Information supplied:
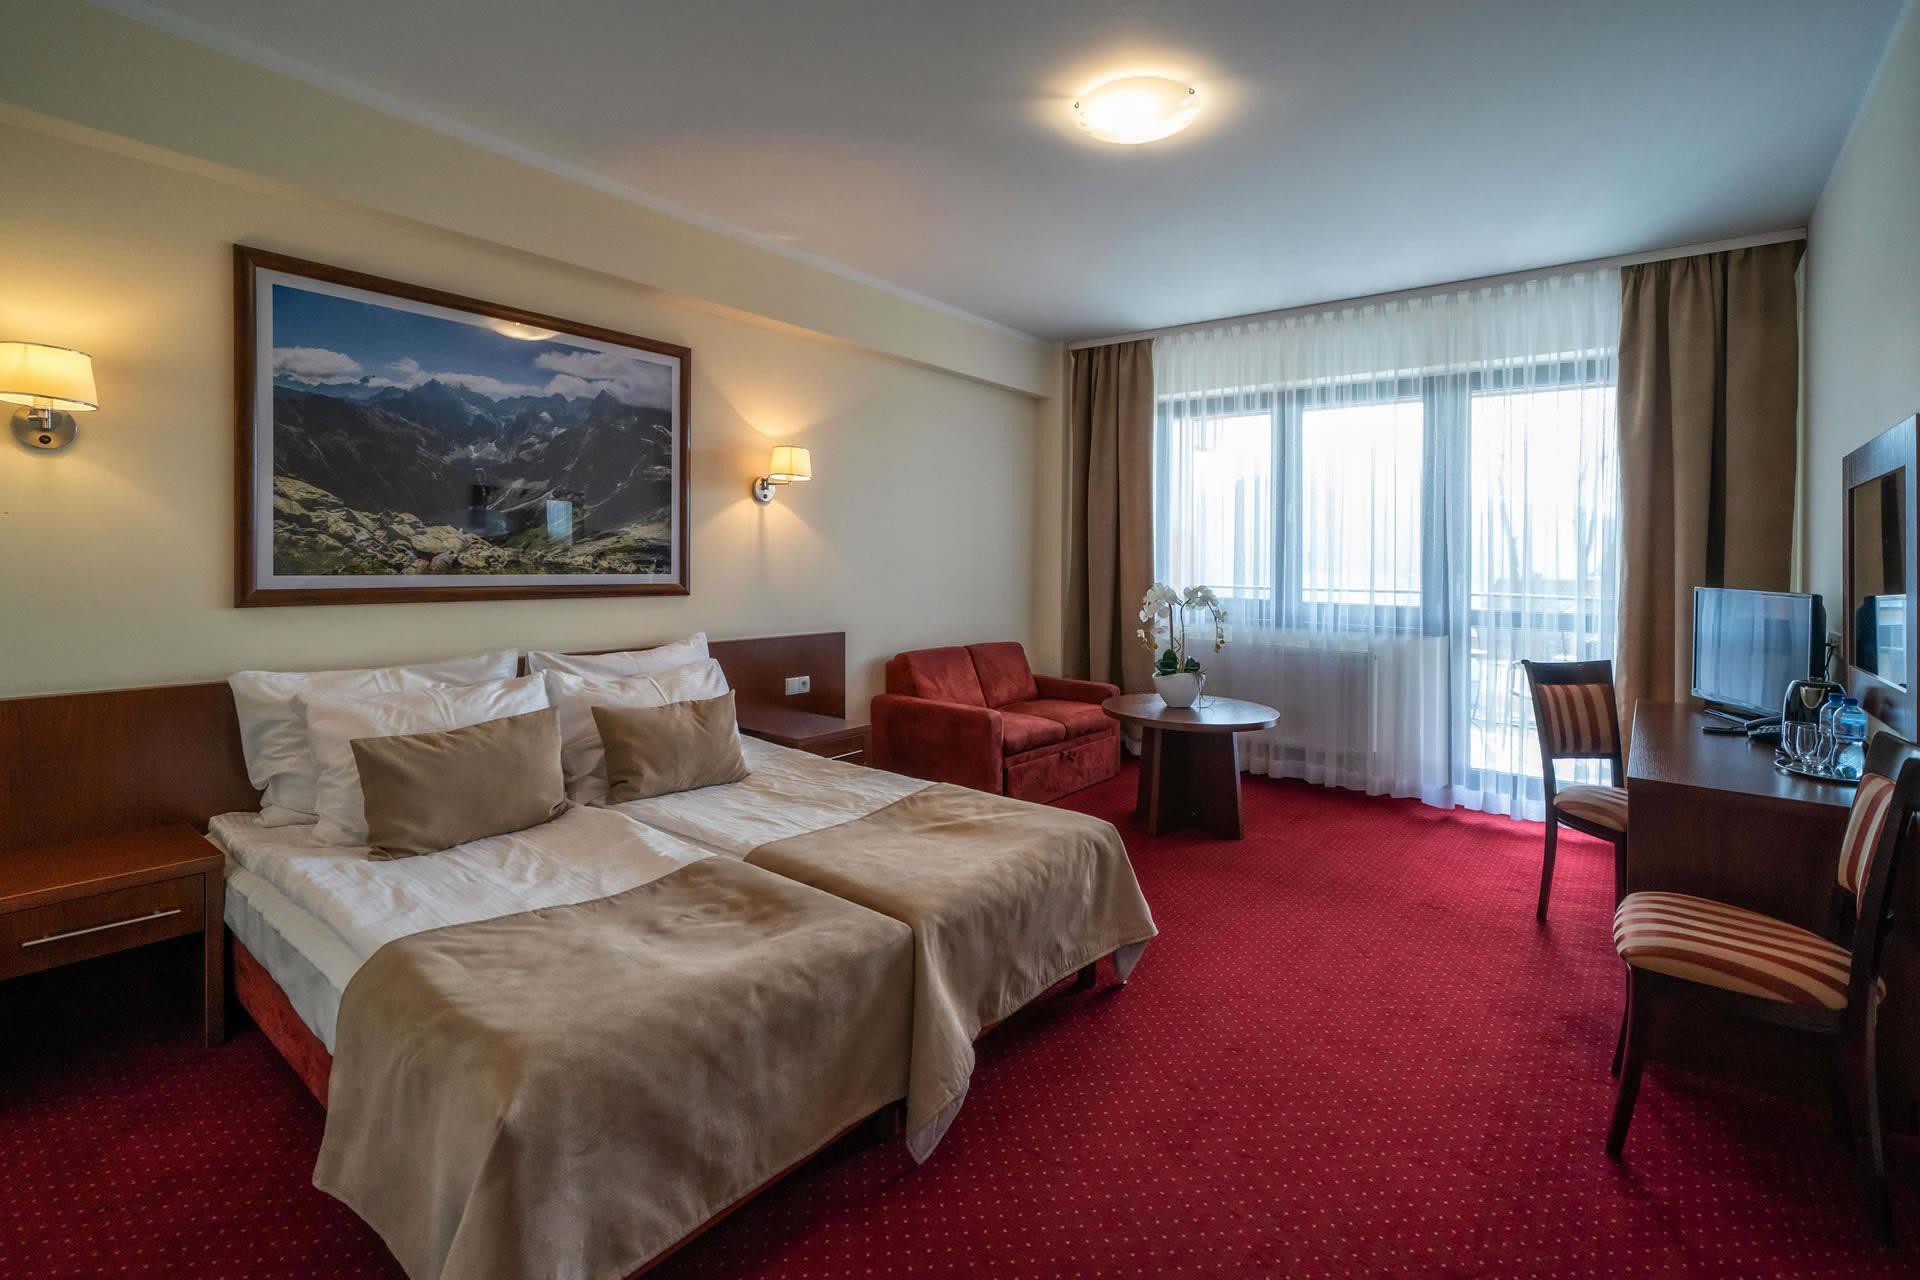 Hotel Tatra Hotel W Zakopanem Basen I Jacuzzi Strefa Relaksu
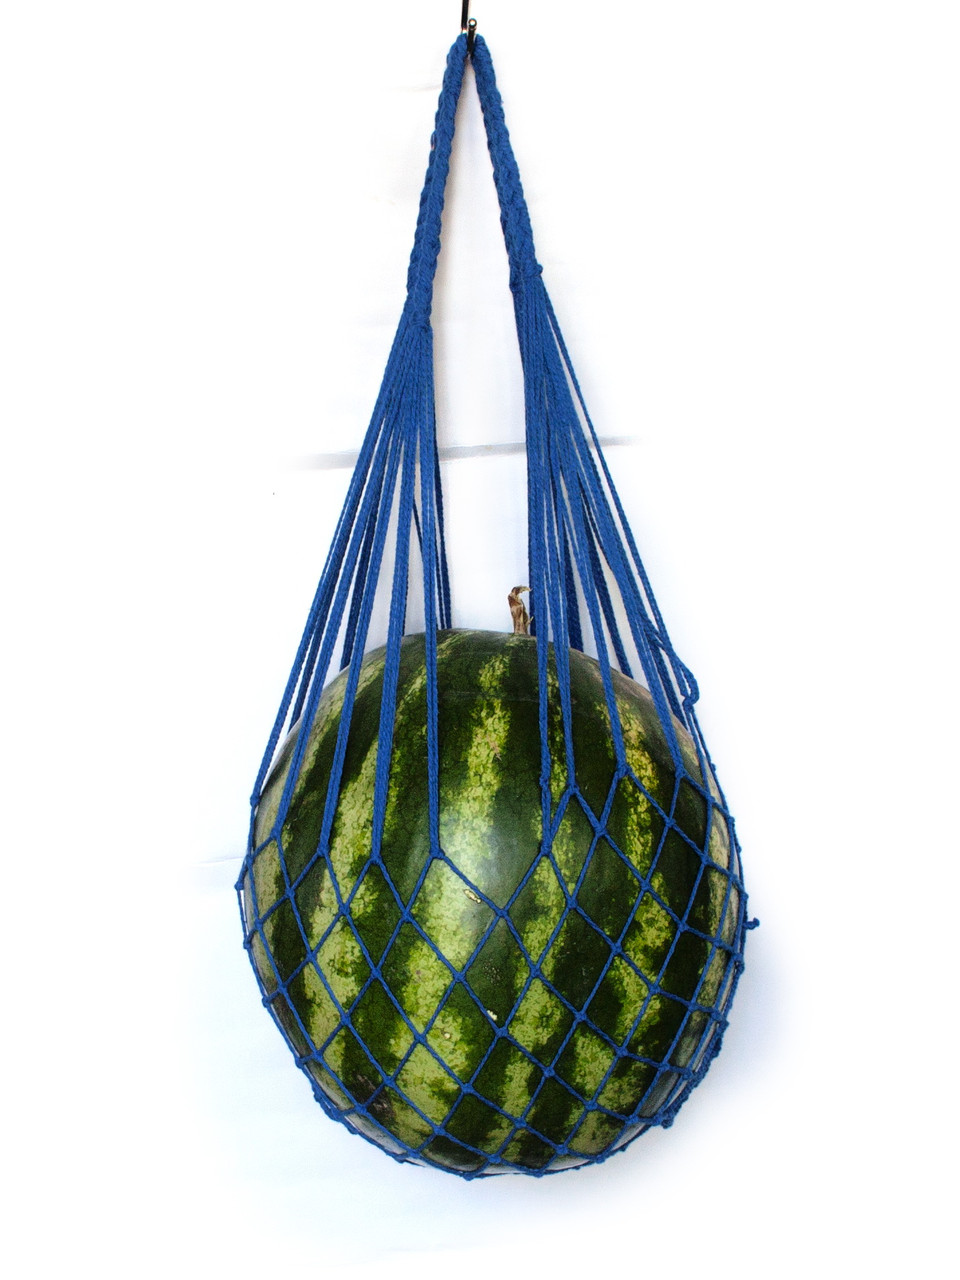 Мини сумка -  Эксклюзивная сумка - Авоська мини - Сумка на плечо
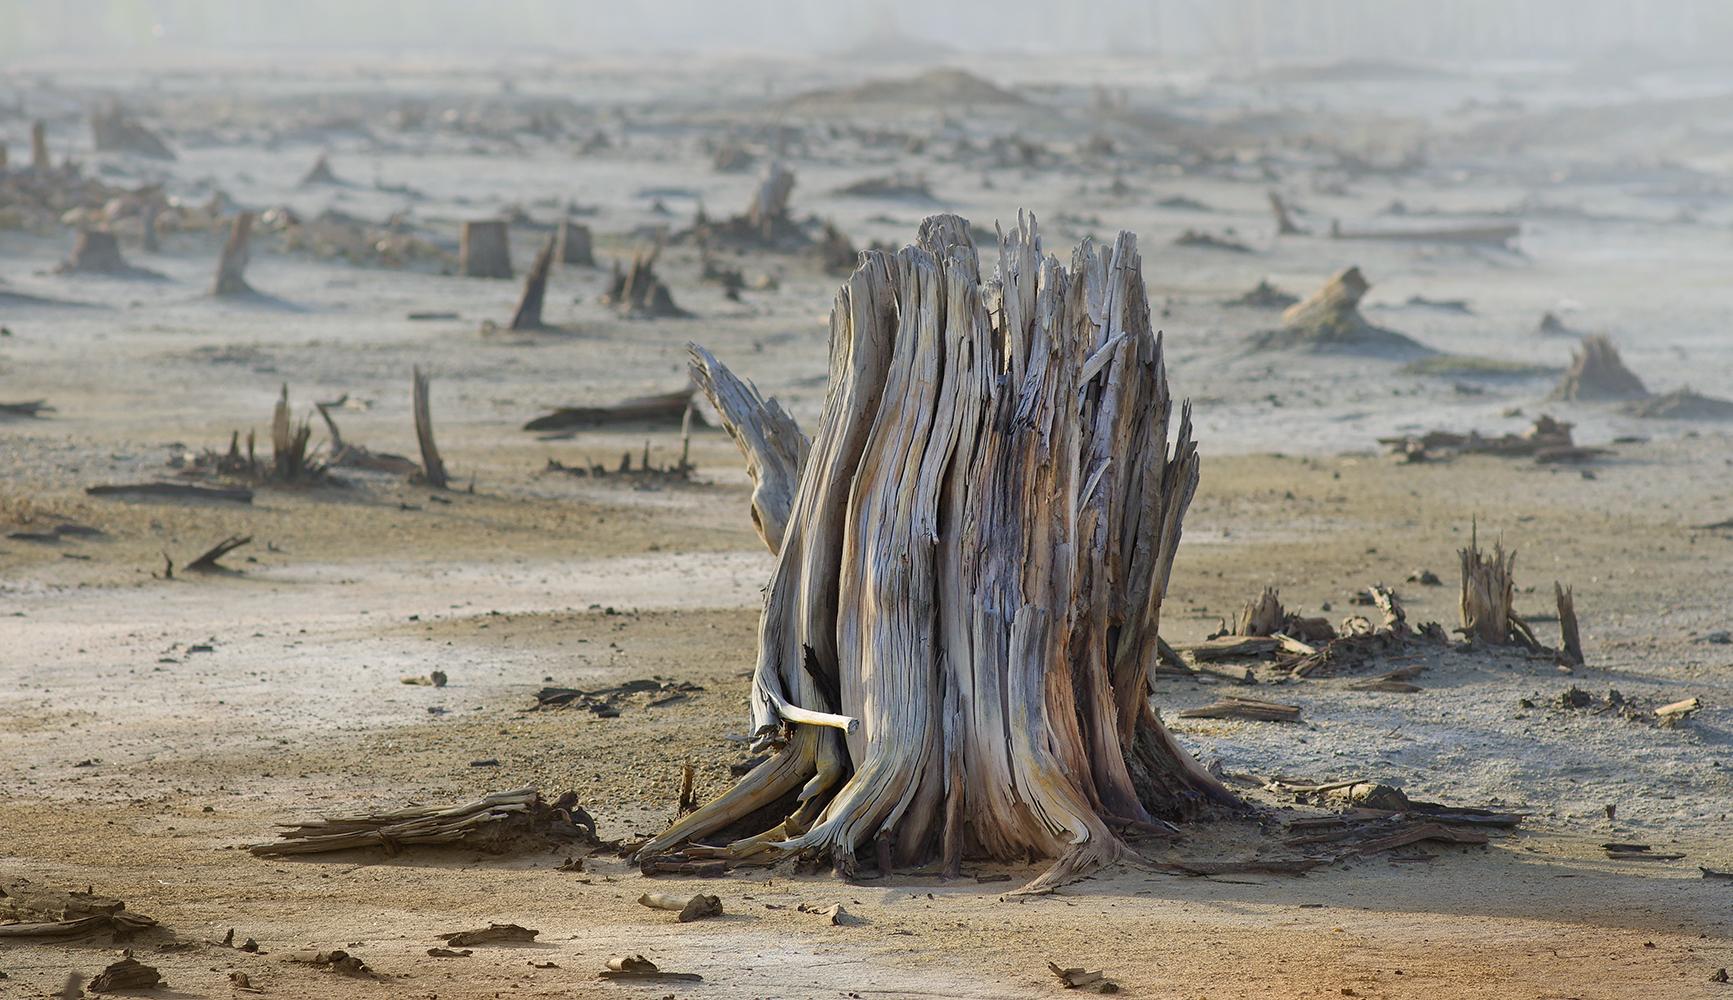 20世紀初めに、カラバシュで銅採掘が 始まった。銅鉱石の採掘と製錬が数十年間続けられた後、街は環境破壊著しい場所に変わった。ソ連時代は環境問題がさほど重視されていなかったため、コンビナートには当初処理施設がなかった。
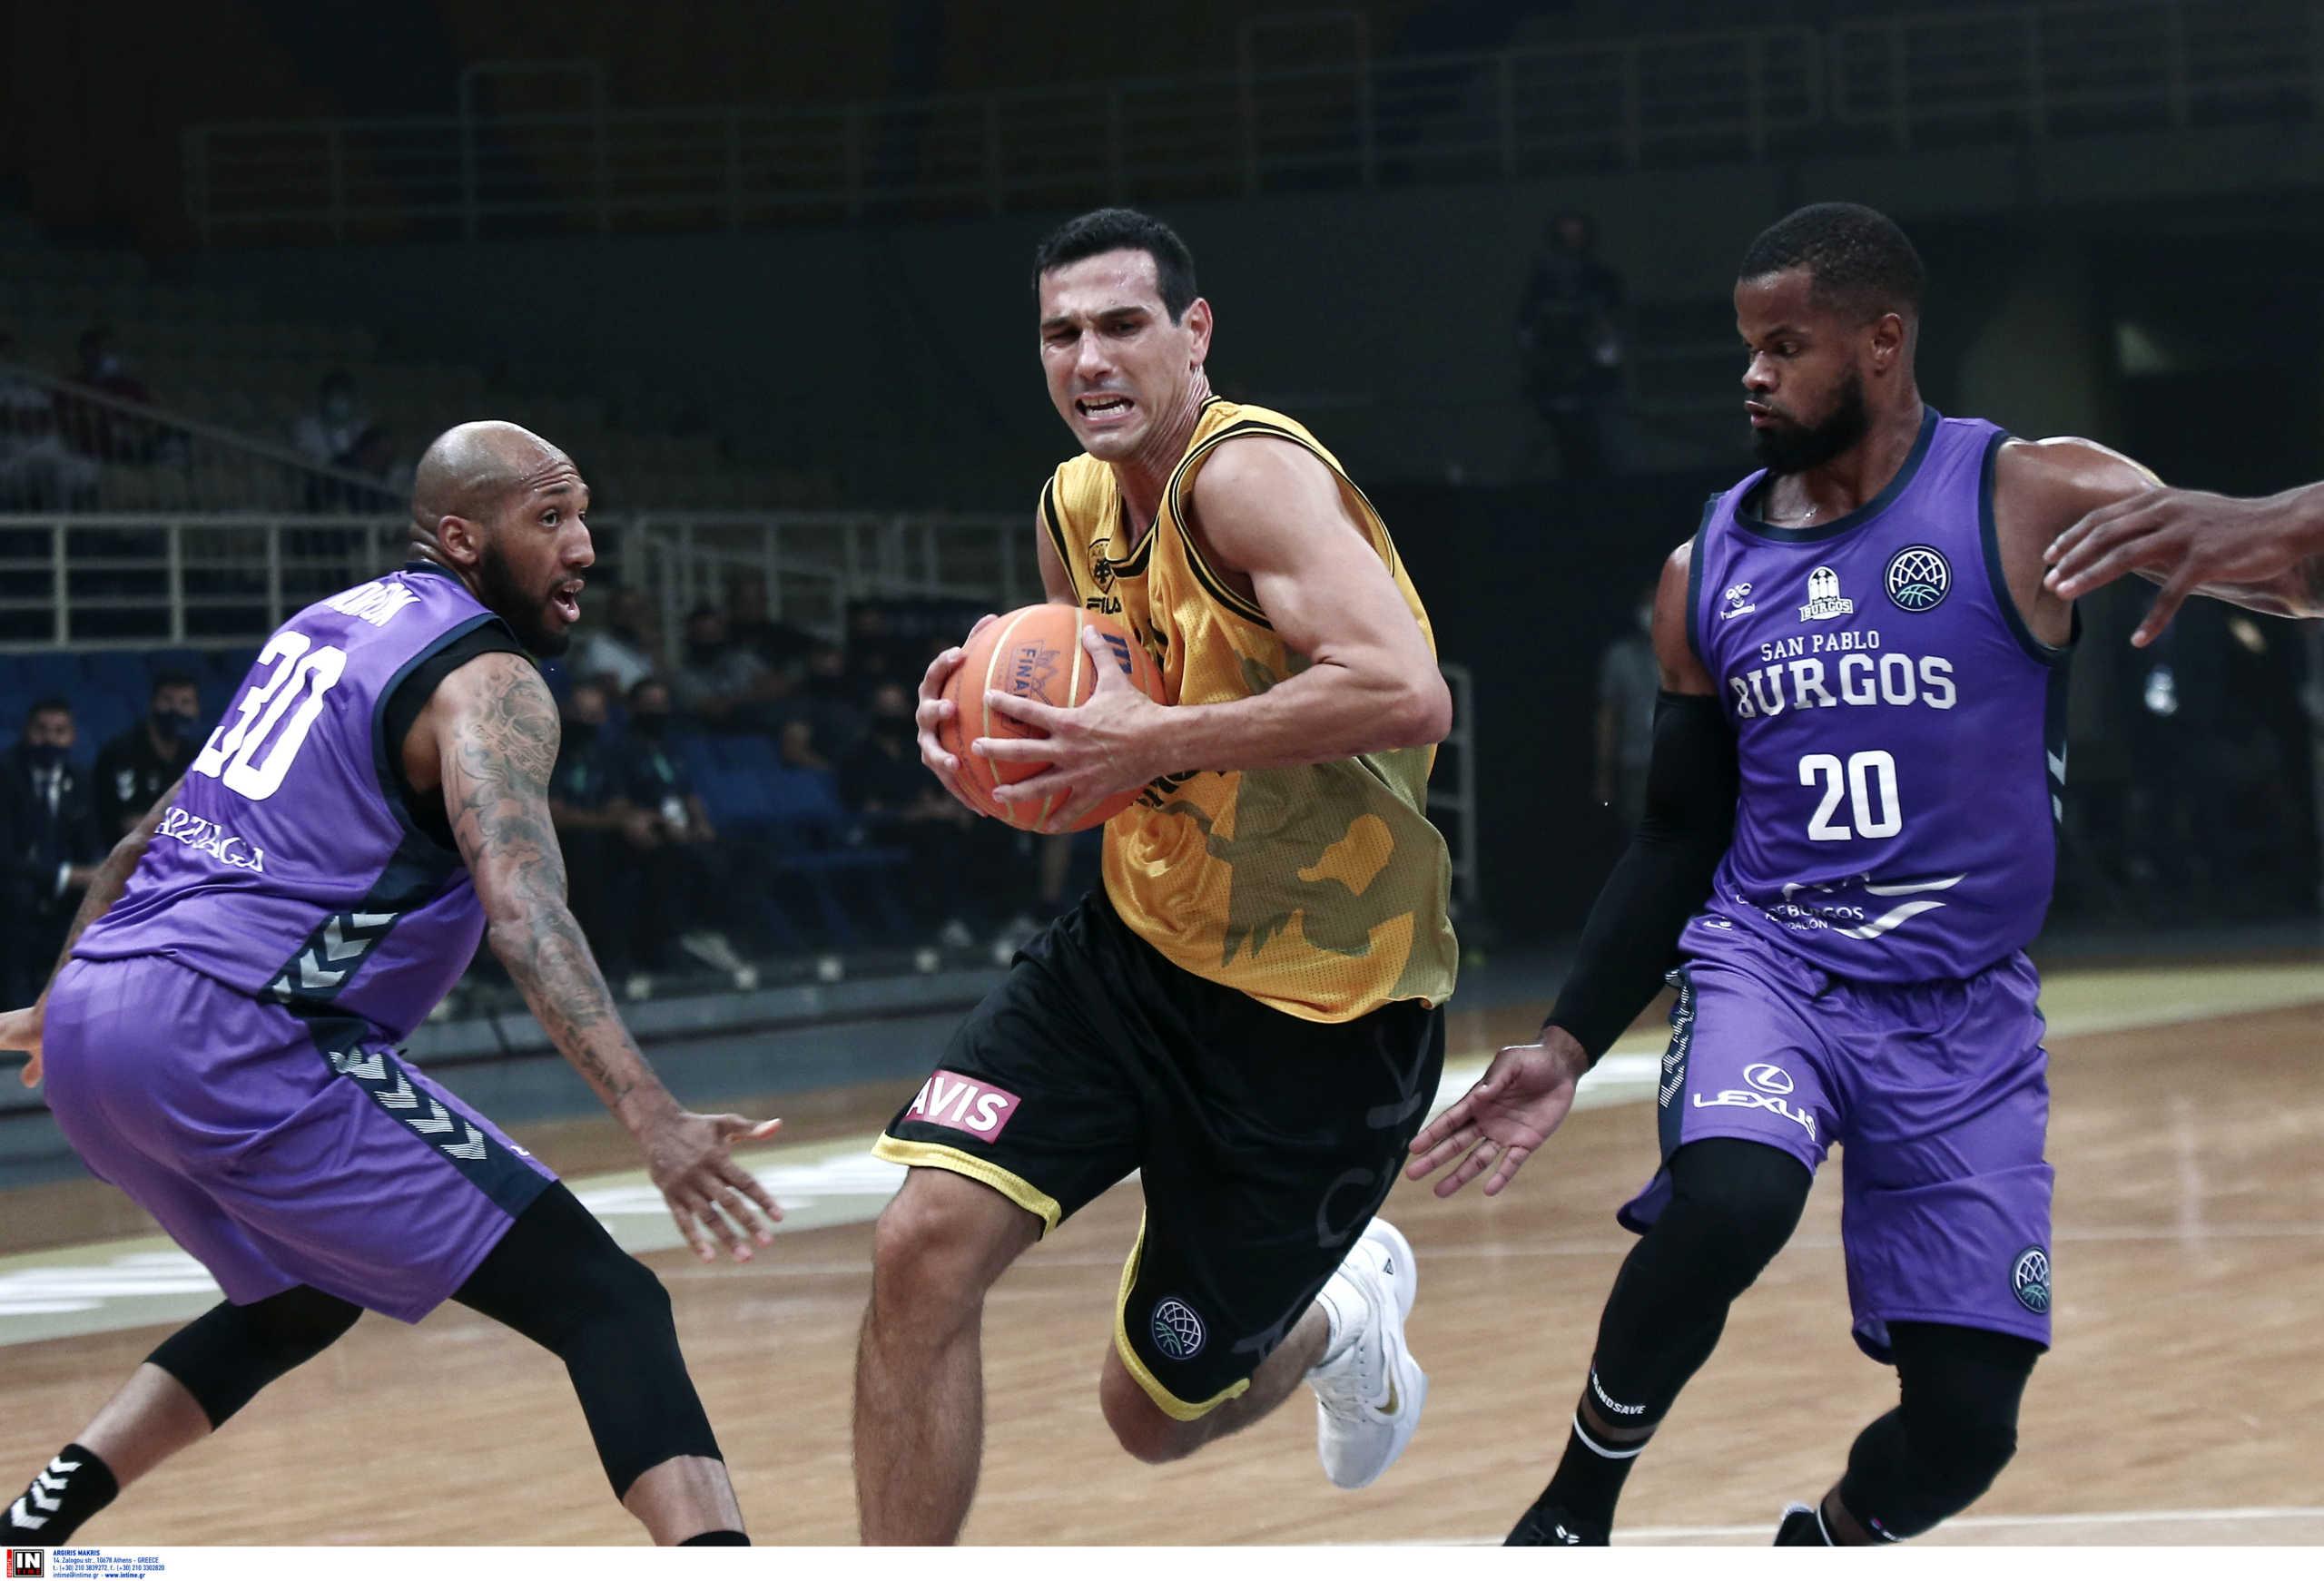 Μπούργος – ΑΕΚ 85-74 ΤΕΛΙΚΟ: Σήκωσαν την κούπα οι Ισπανοί

Work instruction: Your answer should reproduce every line of the data verbatim and include no images.

Your response:
 Hotel Tatra Hotel W Zakopanem Basen I Jacuzzi Strefa Relaksu
 Мини сумка -  Эксклюзивная сумка - Авоська мини - Сумка на плечо
 20世紀初めに、カラバシュで銅採掘が 始まった。銅鉱石の採掘と製錬が数十年間続けられた後、街は環境破壊著しい場所に変わった。ソ連時代は環境問題がさほど重視されていなかったため、コンビナートには当初処理施設がなかった。
 Μπούργος – ΑΕΚ 85-74 ΤΕΛΙΚΟ: Σήκωσαν την κούπα οι Ισπανοί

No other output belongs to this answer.